*ABOUT THIS EXERCISE*. From the data below, repeat exactly the lines from the line with "Inhibition of Tunneling" to the line with "A portrait of", both included.

*RECORDS TO USE*.

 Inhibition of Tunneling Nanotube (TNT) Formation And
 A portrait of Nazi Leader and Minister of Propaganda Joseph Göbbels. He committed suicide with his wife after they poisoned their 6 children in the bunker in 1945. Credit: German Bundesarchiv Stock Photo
* * *
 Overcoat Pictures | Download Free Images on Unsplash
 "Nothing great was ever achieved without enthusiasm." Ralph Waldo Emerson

*RESPONSE TO THE TASK*.
 Inhibition of Tunneling Nanotube (TNT) Formation And
 A portrait of Nazi Leader and Minister of Propaganda Joseph Göbbels. He committed suicide with his wife after they poisoned their 6 children in the bunker in 1945. Credit: German Bundesarchiv Stock Photo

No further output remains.